• TASK DIRECTIONS
For this exercise, output the entries below exactly from the line that holds "6 Bamboo and" to the line that holds "adidas Essentials Slim", both ends included. No pictures belong in the copy.

DATA LISTING Block Start

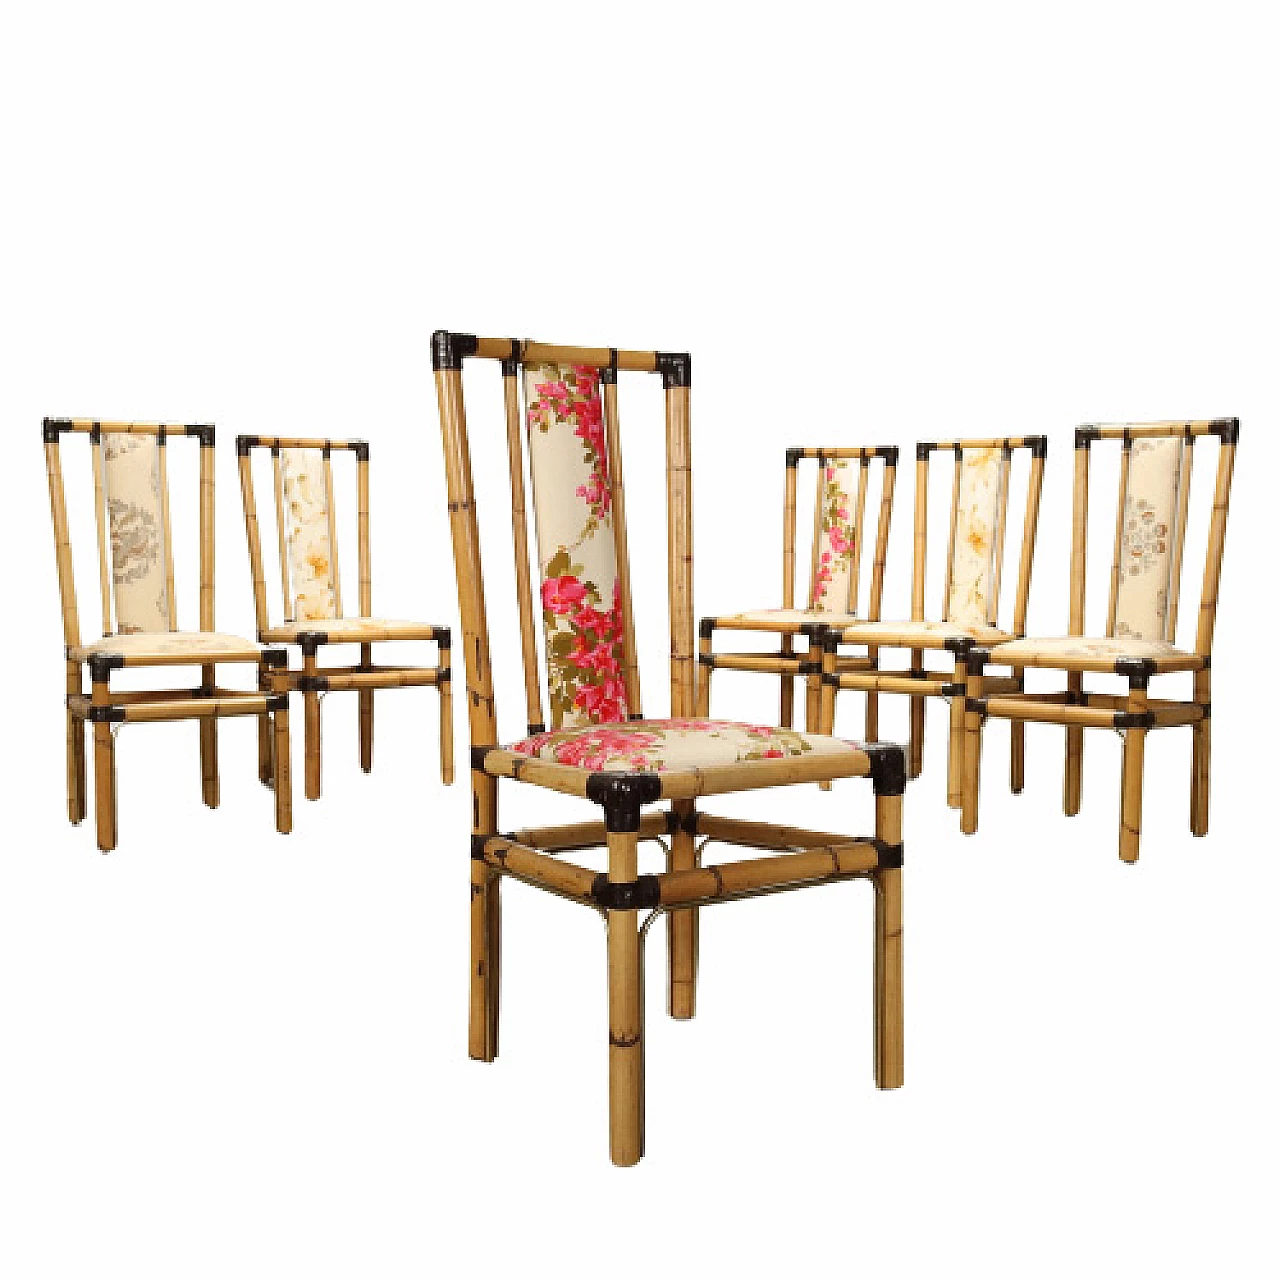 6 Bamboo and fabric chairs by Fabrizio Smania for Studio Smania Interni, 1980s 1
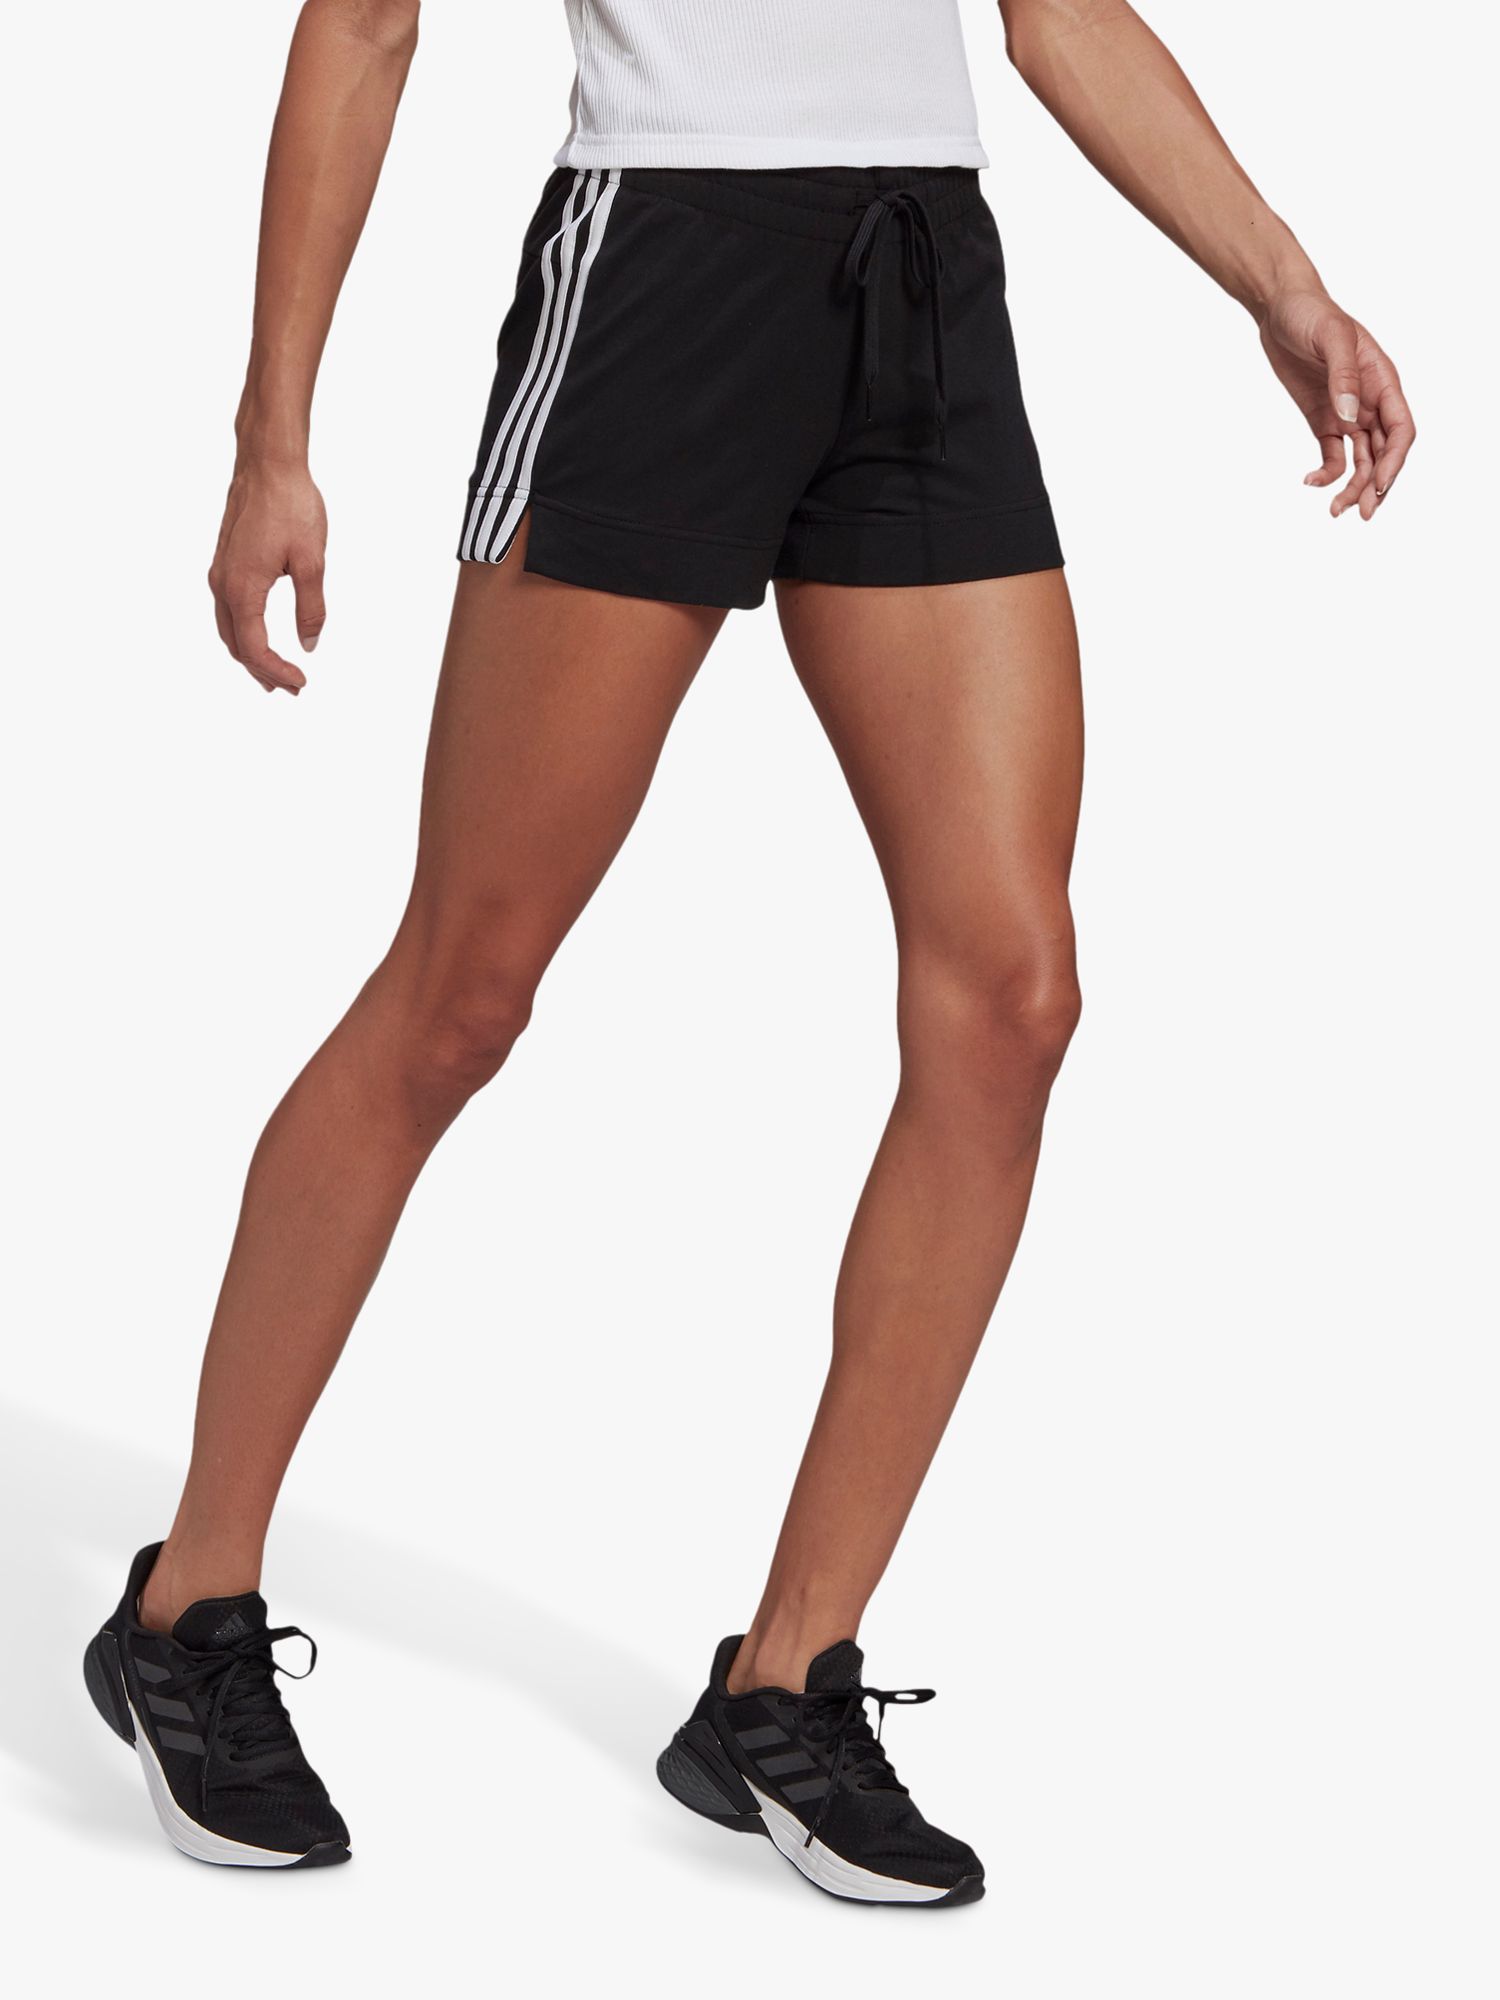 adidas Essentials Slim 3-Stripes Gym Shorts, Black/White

DATA LISTING Block End
DATA LISTING Block Start

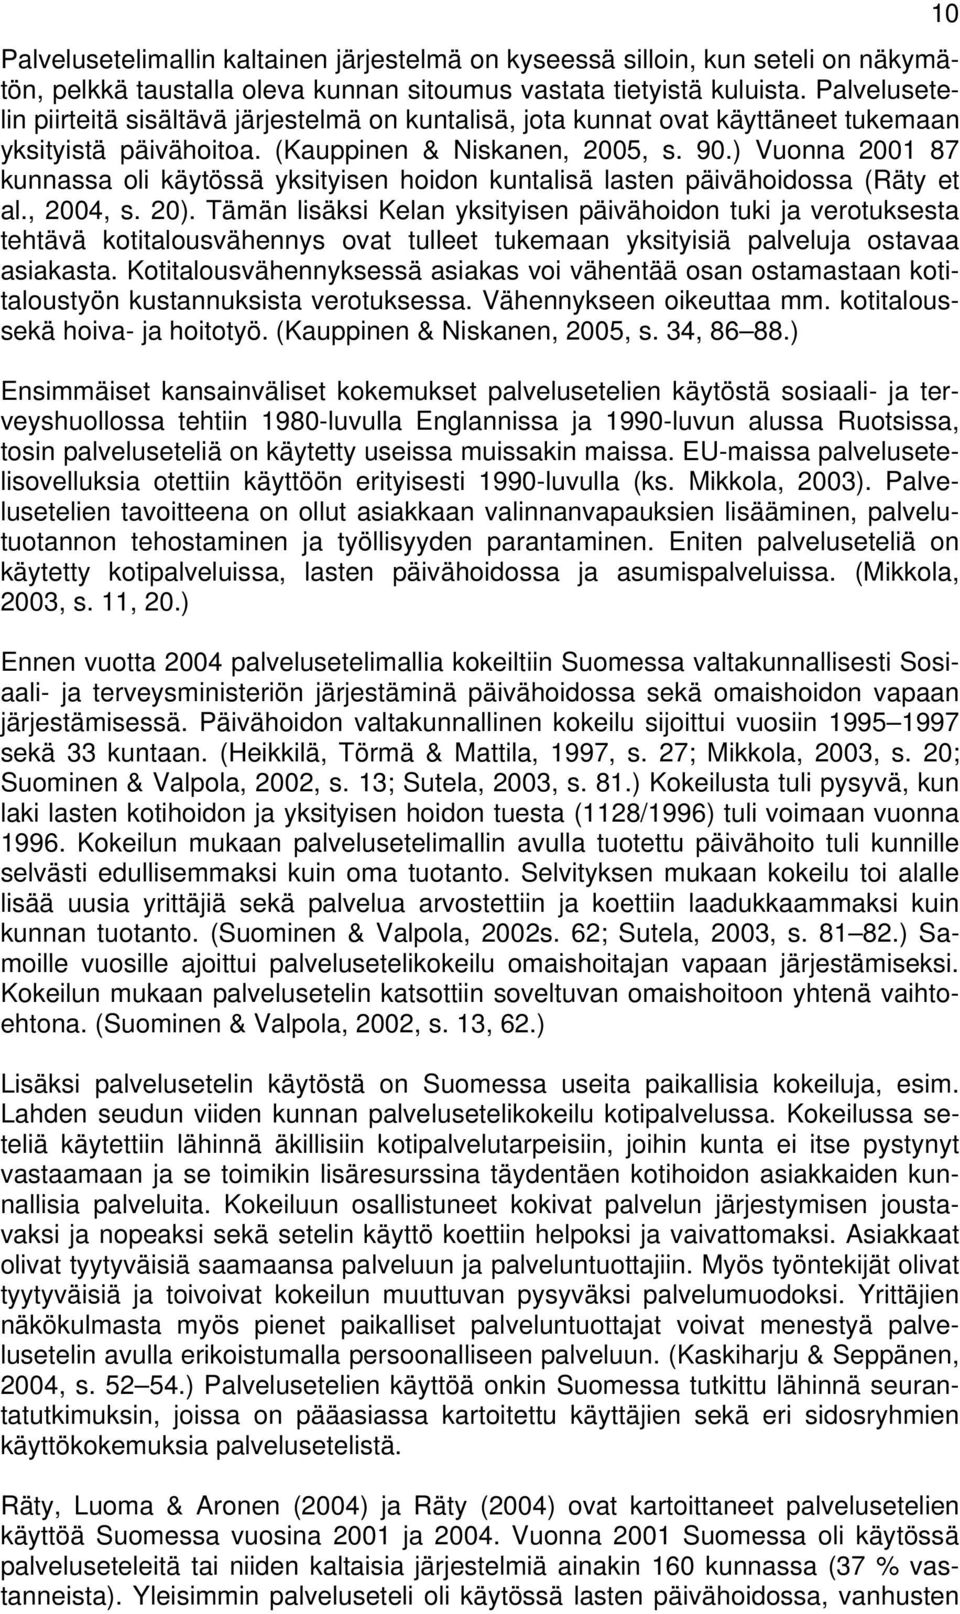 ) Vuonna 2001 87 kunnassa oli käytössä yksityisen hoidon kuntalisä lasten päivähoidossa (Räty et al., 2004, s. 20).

DATA LISTING Block End

• EXERCISE OUTPUT
 6 Bamboo and fabric chairs by Fabrizio Smania for Studio Smania Interni, 1980s 1
 adidas Essentials Slim 3-Stripes Gym Shorts, Black/White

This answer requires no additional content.